As a result of the rise in the number of completed genome sequencing projects, the DNA sequence present in a large number of genomes has become available. The central dogma of modern biology takes into account that the information present in the DNA is read to manufacture mRNA or messenger RNA. This, in turn, is read by the cellular machinery to manufacture proteins. The first step of this process is known as transcription (i.e., decoding of the DNA to synthesize mRNA while the second is translation or decoding of mRNA to produce functional proteins). Such a DNA fragment whose information is converted into a mRNA or a protein molecule is termed as a gene. Experimental and computational tools have helped us elucidate the presence of protein coding genes and thus map the vast, unexplored length of DNA. While all cells of the body contain the full set of DNA material (and genes), it is the subset that is transcribed or expressed that confers on the cell its unique properties. These genes are responsible for the response of the cell to its environment in both health and disease. Thus, the gene transcription profile of a cell gives an important insight into the type of genes that are transcribed under any physiological and pathological condition. The gene transcription profile reflects the response of the cell to its environment, a highly and tightly regulated process. Such a gene transcription profile can be recorded using a microarray.

The microarray capitalizes on the ability of a given mRNA molecule to bind specifically or hybridize to the DNA template from which it originated.
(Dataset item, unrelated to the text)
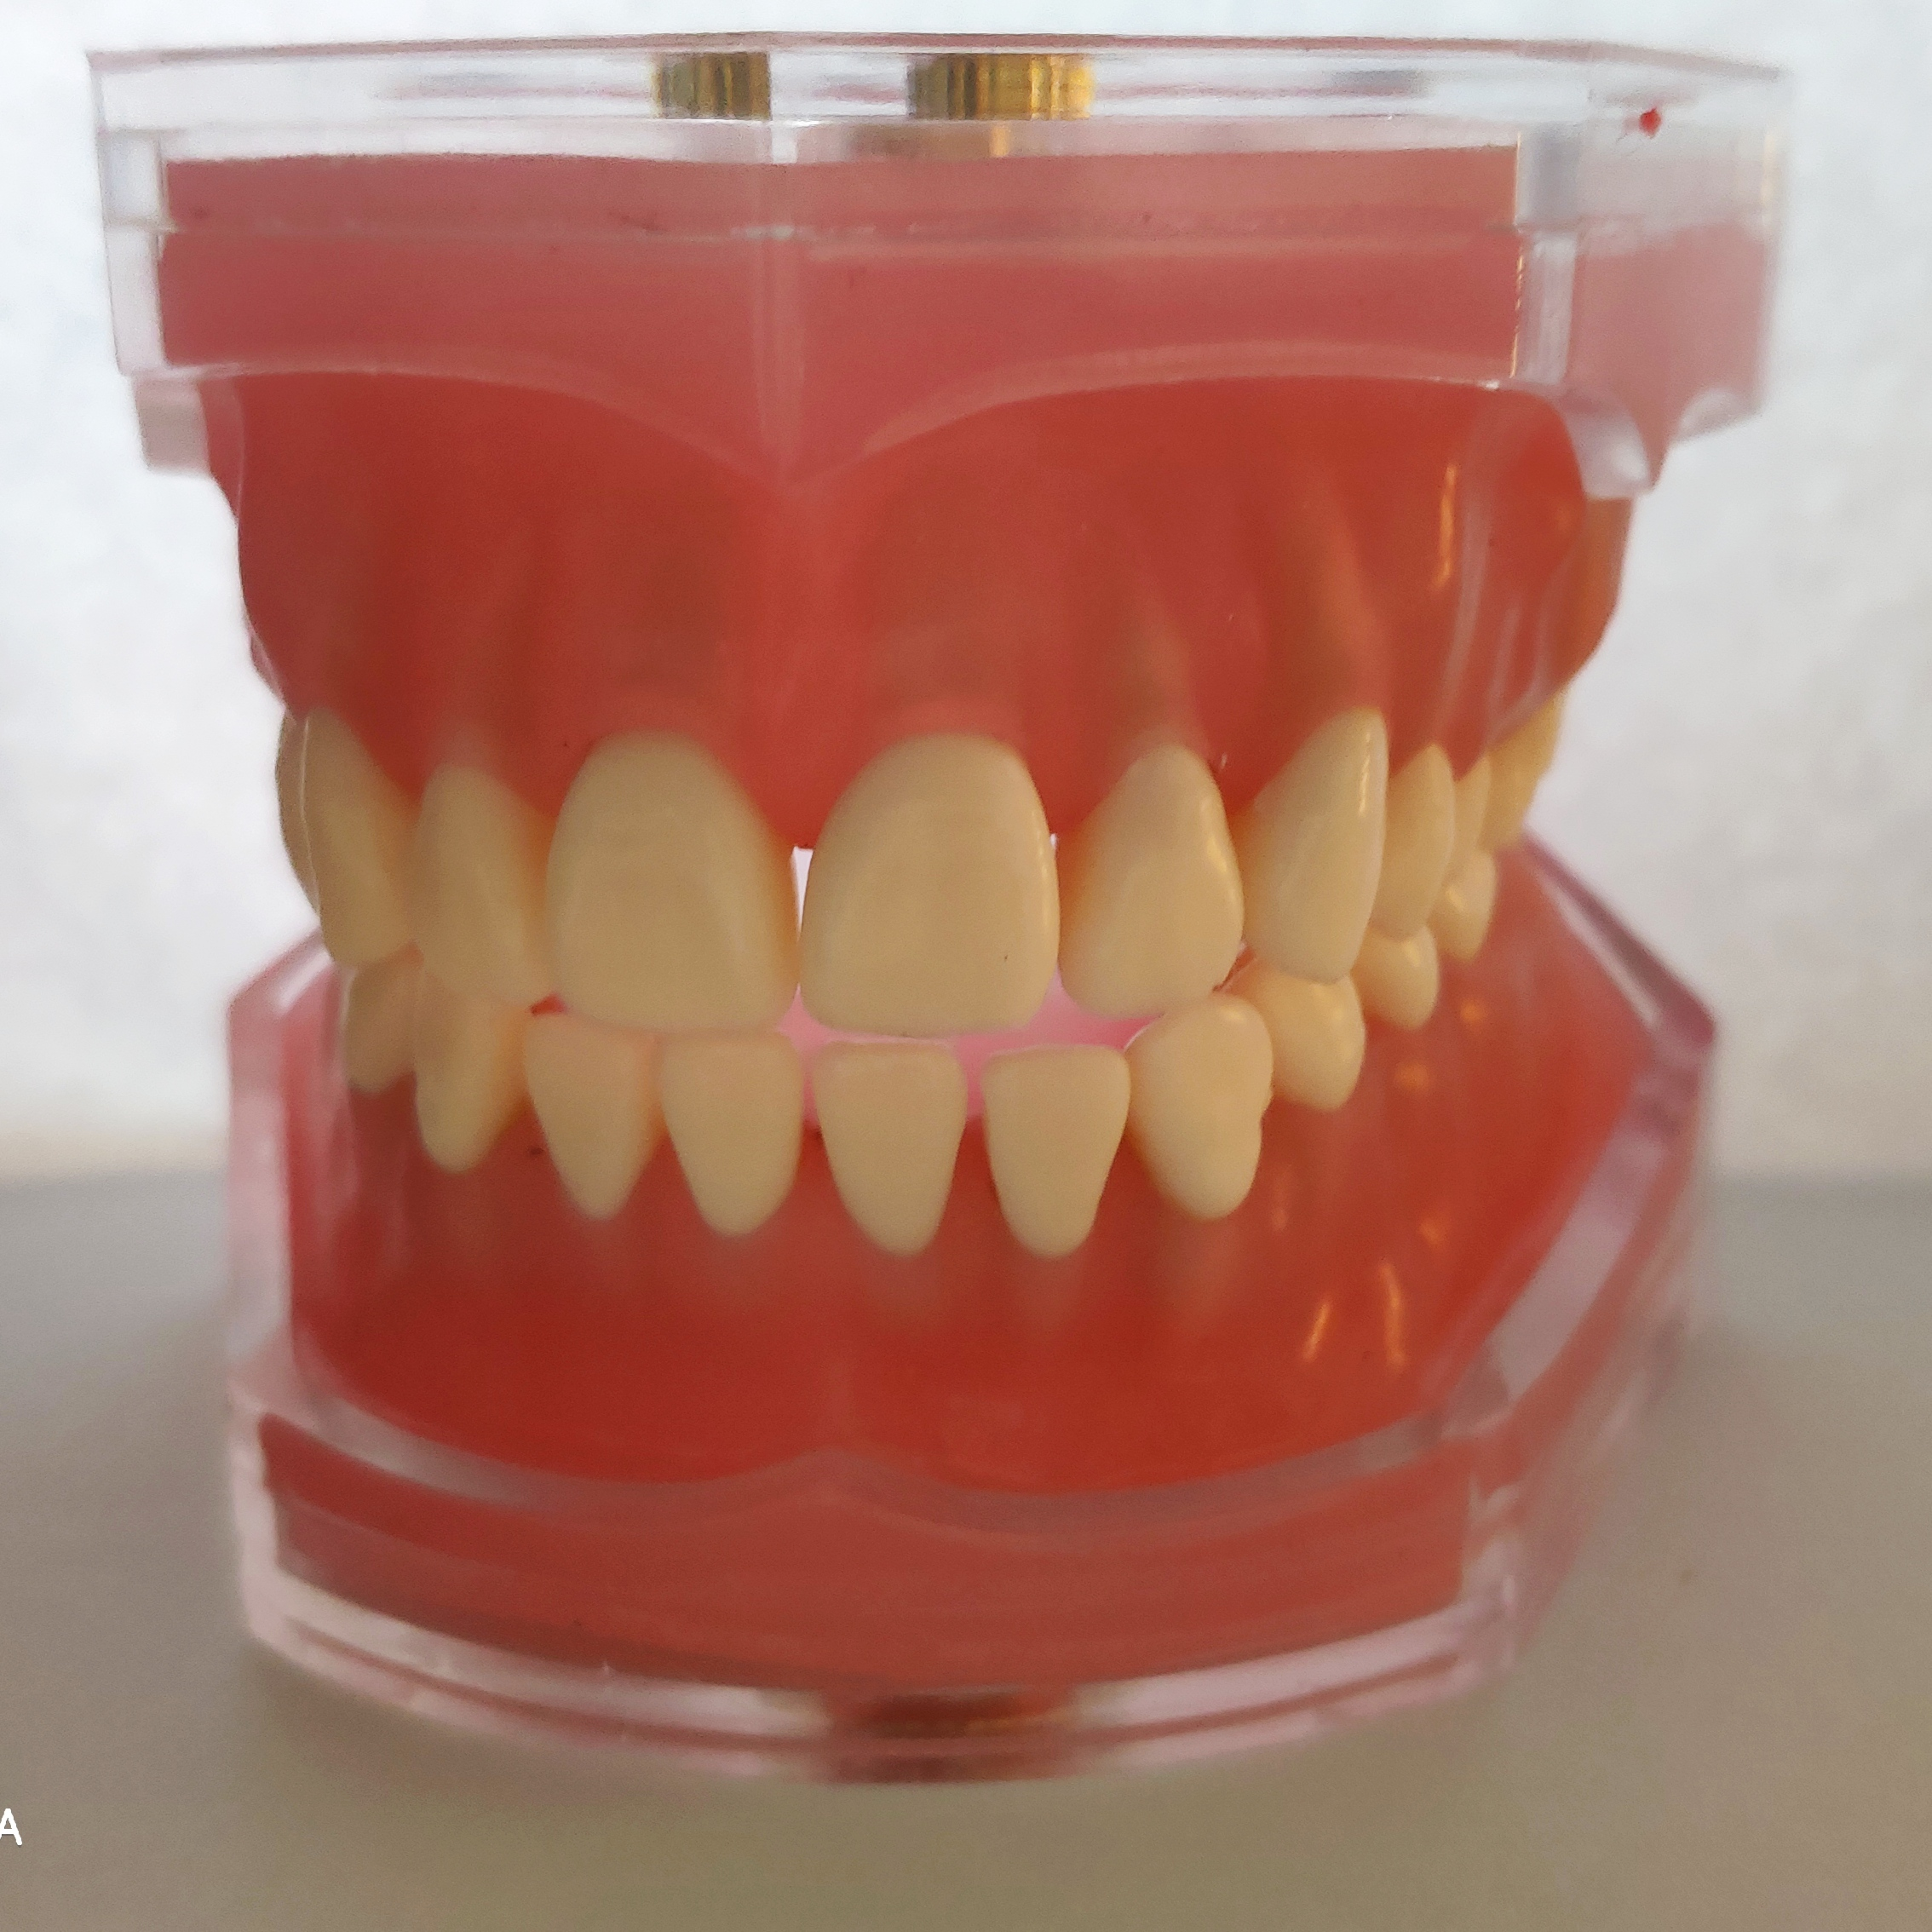 Модель для обучения стоматологии/силиконовый материал

Thus, in a microarray experiment, probes consisting of DNA are attached to a solid surface by covalent bonding to a chemical matrix like epoxy-silane, lysine, polyacrylamide, and so forth. The solid surface can be a glass or a silicon chip, commonly known as a gene chip. A gene chip consists of thousands of microscopic spots, containing a small but specific DNA sequence. In order to measure gene expression data, short section of genes are anchored to the solid surface and used as probes to detect the presence of their templates (targets) in a biological sample of interest. The target has the ability to hybridize specifically with its complementary probe mRNA under high stringency experimental conditions. Hybridization can be detected and quantified by labeling the targets with fluorophore or chemiluminescent dye materials.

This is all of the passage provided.